What to produce: For this exercise, write out only the lines of the entries below from the one with "5-secrets-for-making-families-strong" up to and including the one with "CONGRATULATIONS IN JAPANESE", exactly as they are. Pictures stay out.

Source material:
•••••
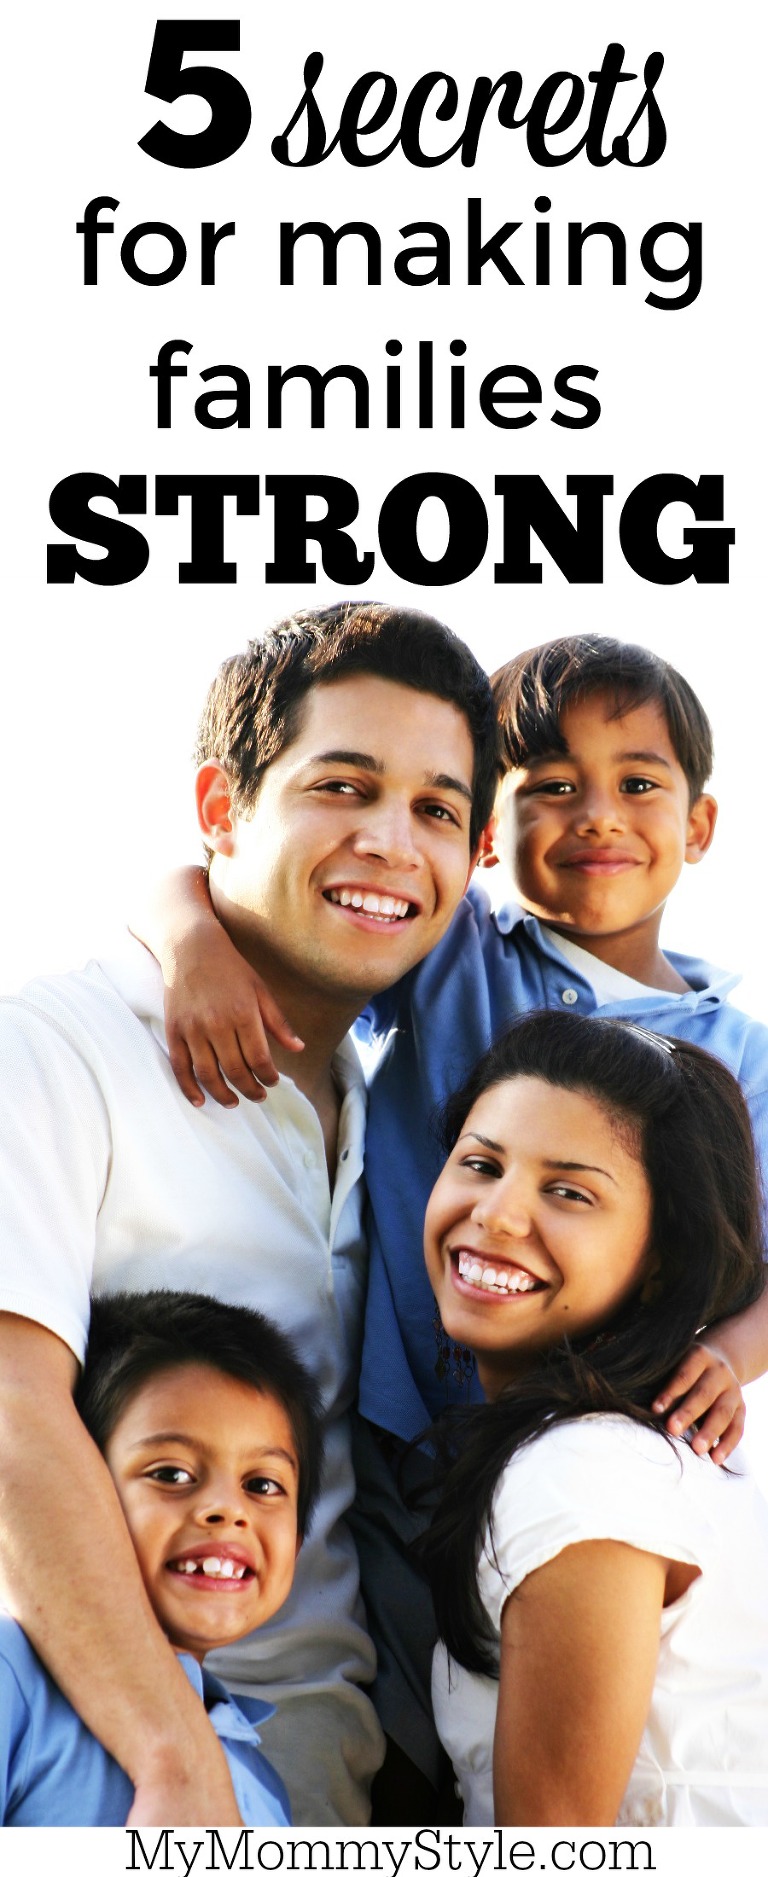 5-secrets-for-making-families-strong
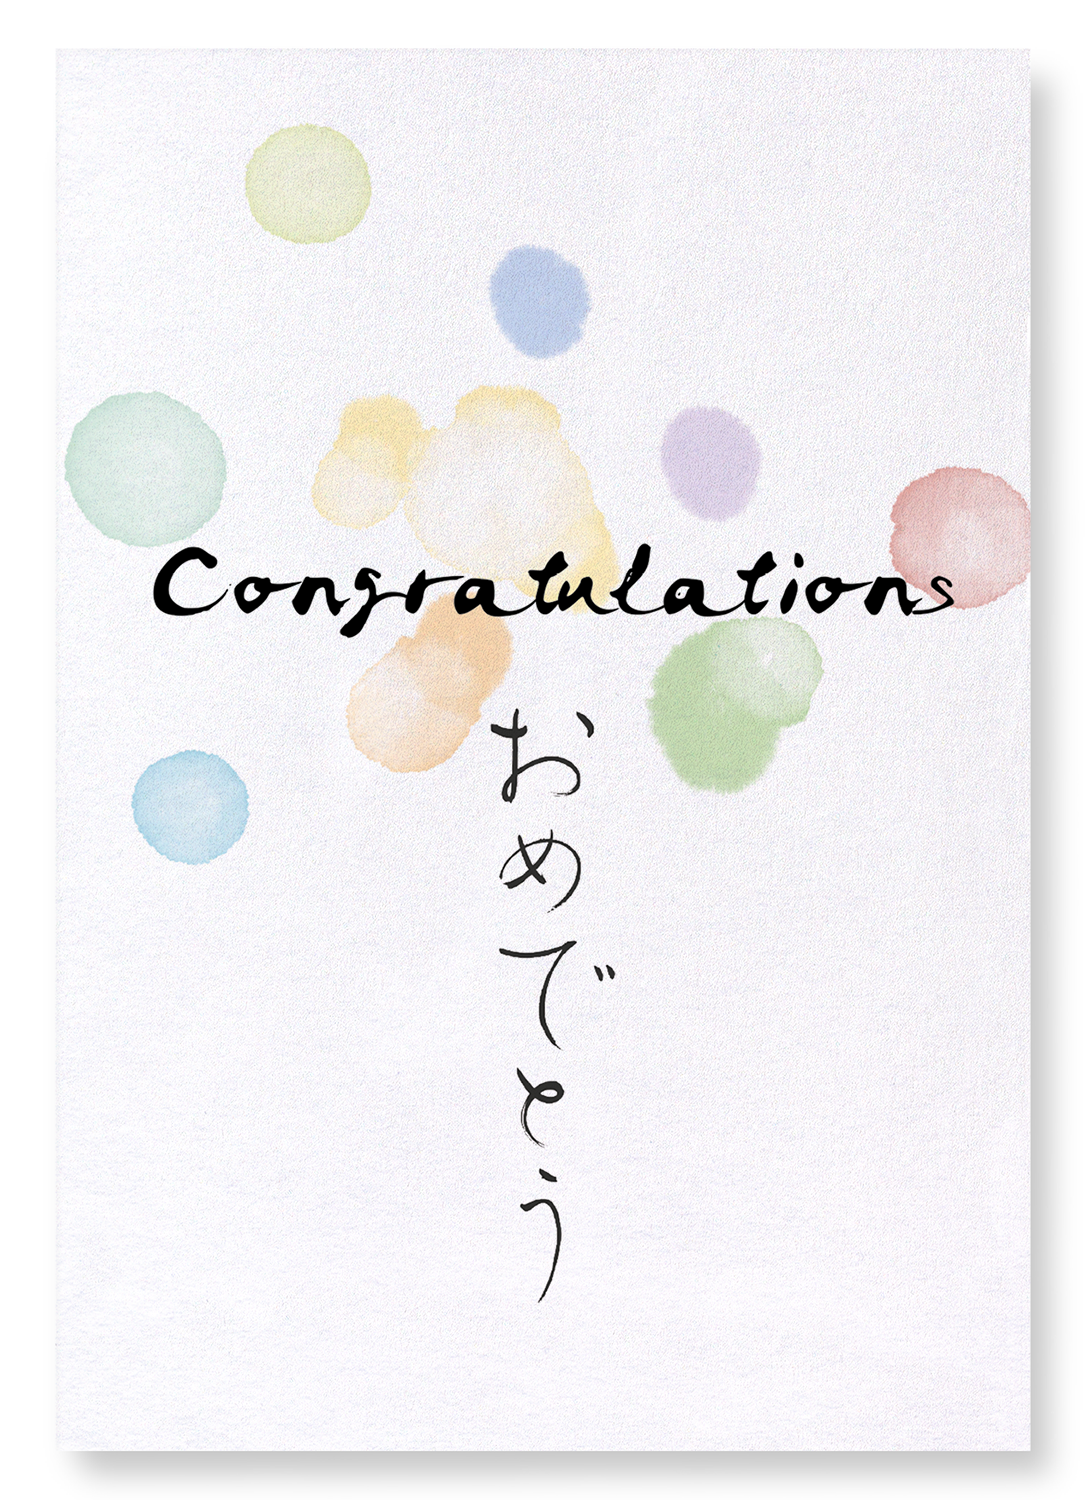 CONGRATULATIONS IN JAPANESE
•••••
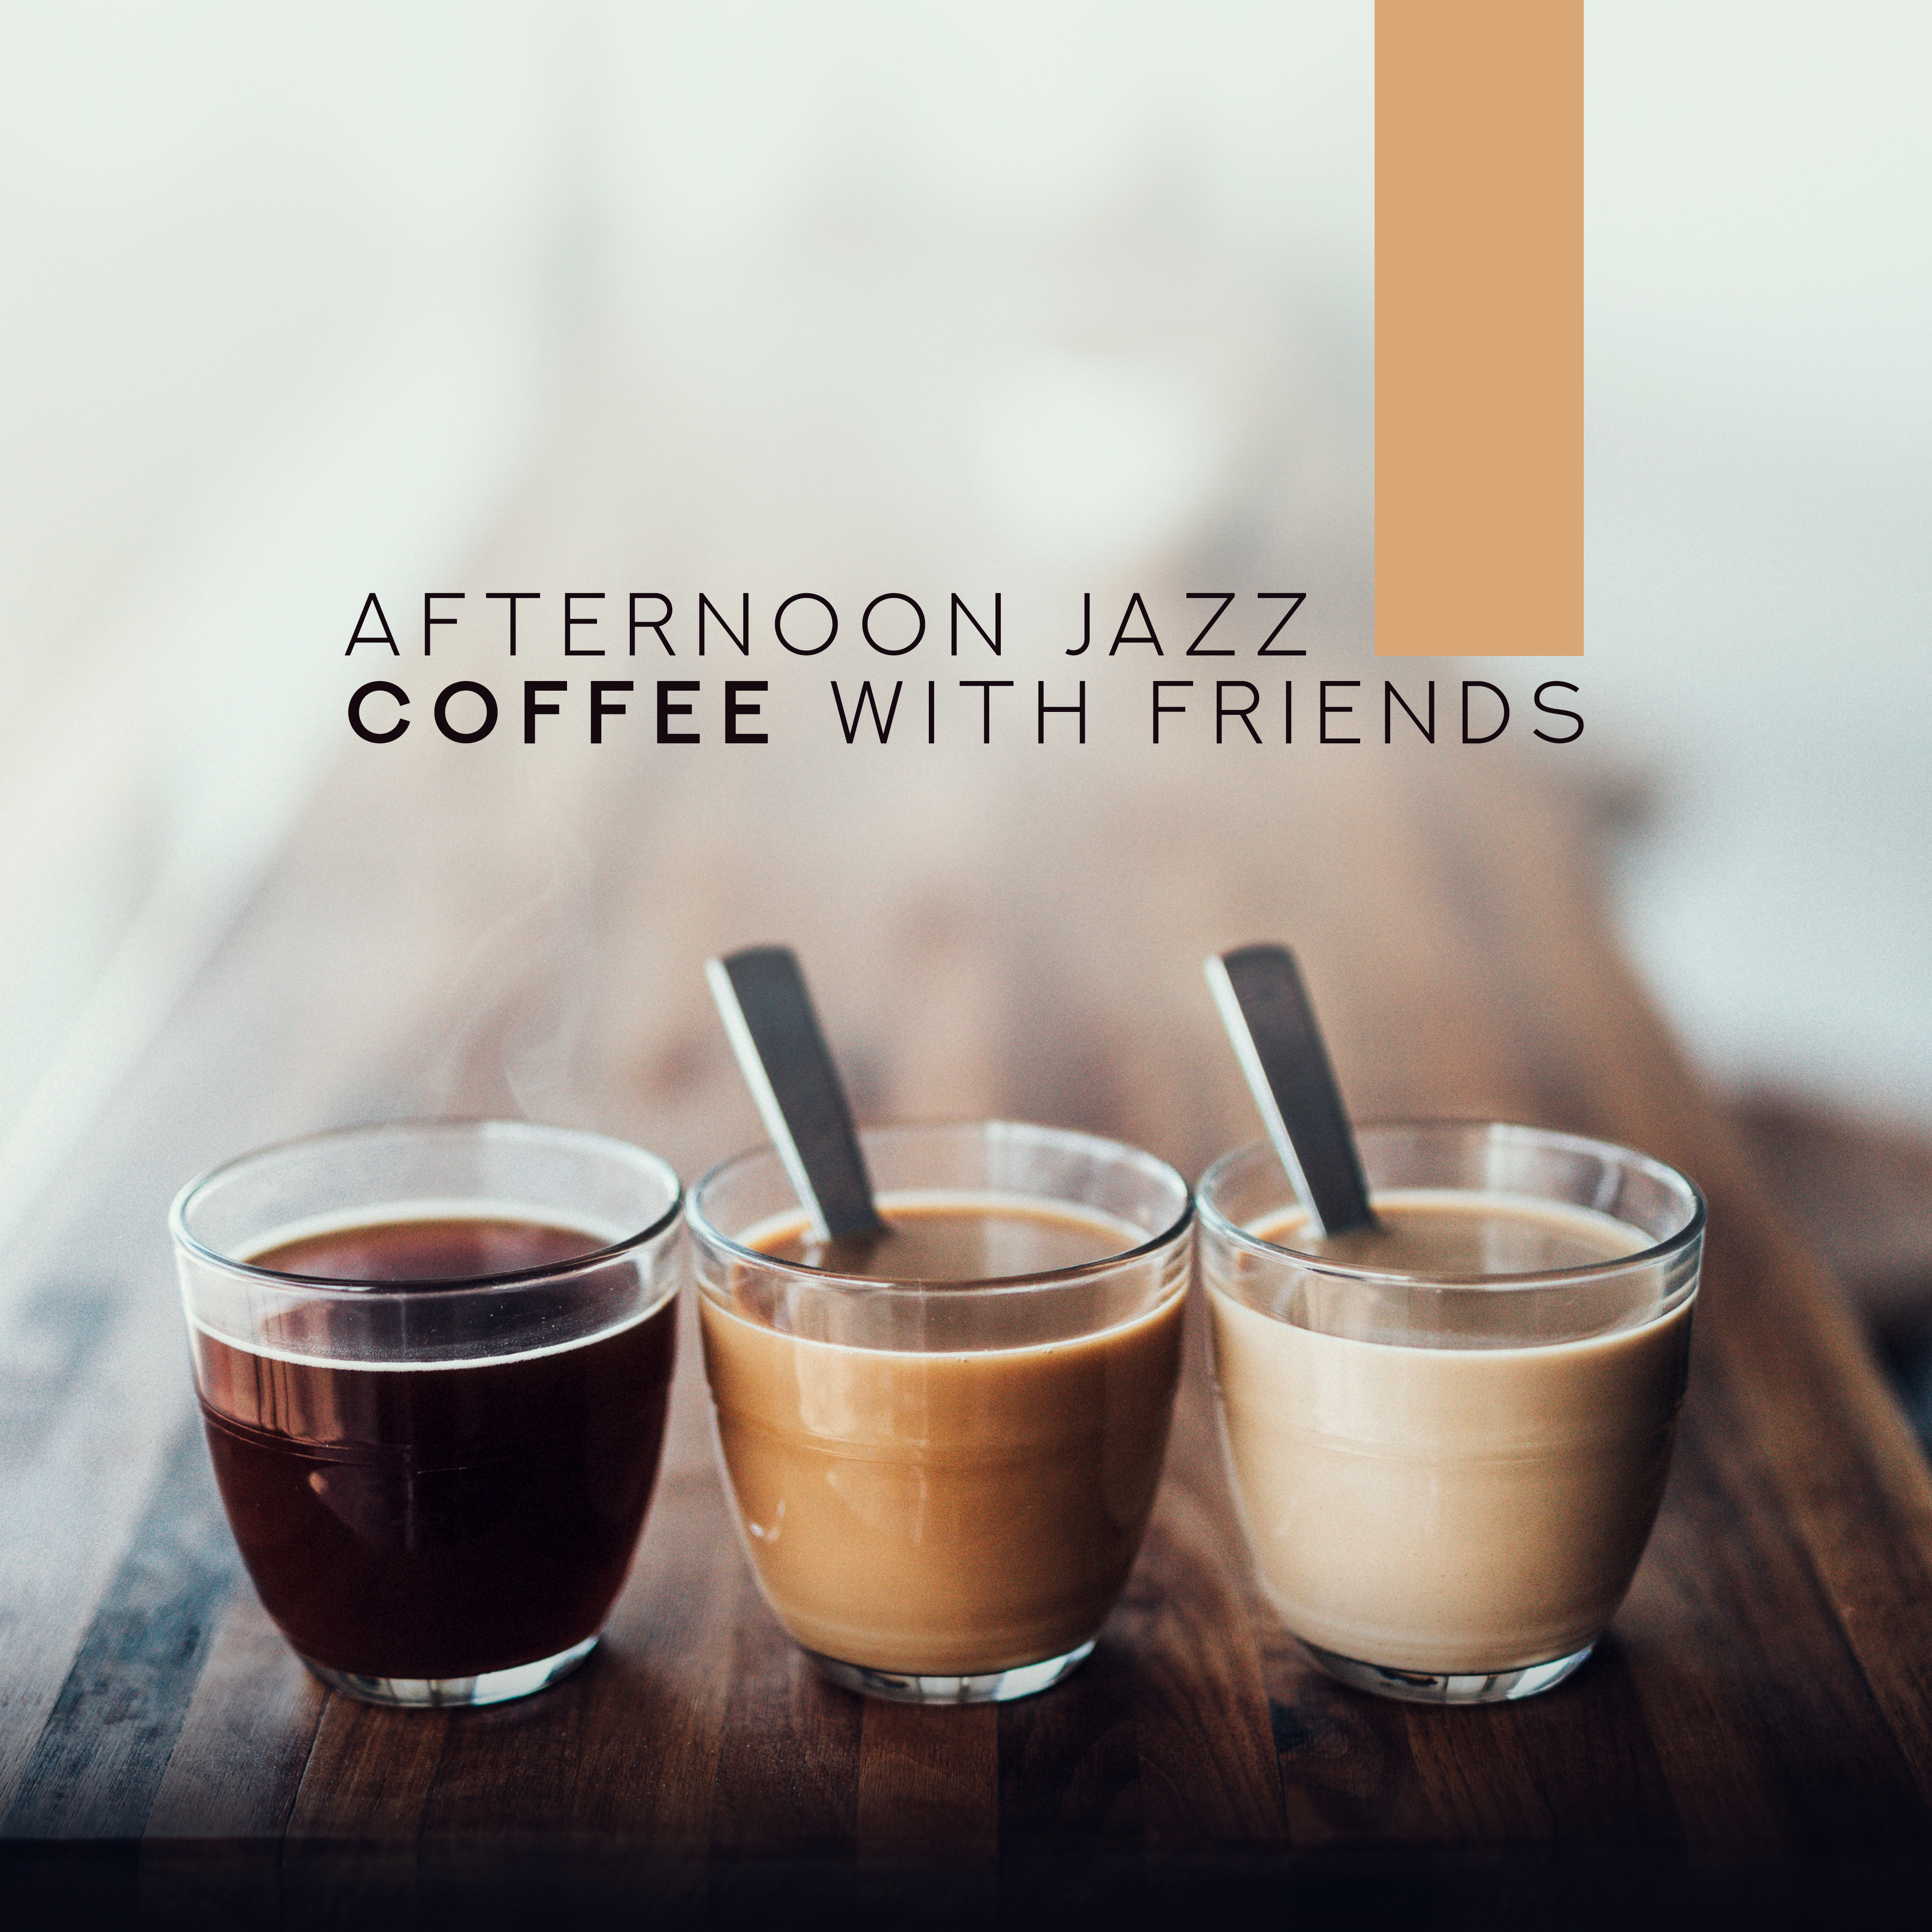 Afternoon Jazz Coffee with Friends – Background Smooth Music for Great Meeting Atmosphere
•••••
Exercise solution:
 5-secrets-for-making-families-strong
 CONGRATULATIONS IN JAPANESE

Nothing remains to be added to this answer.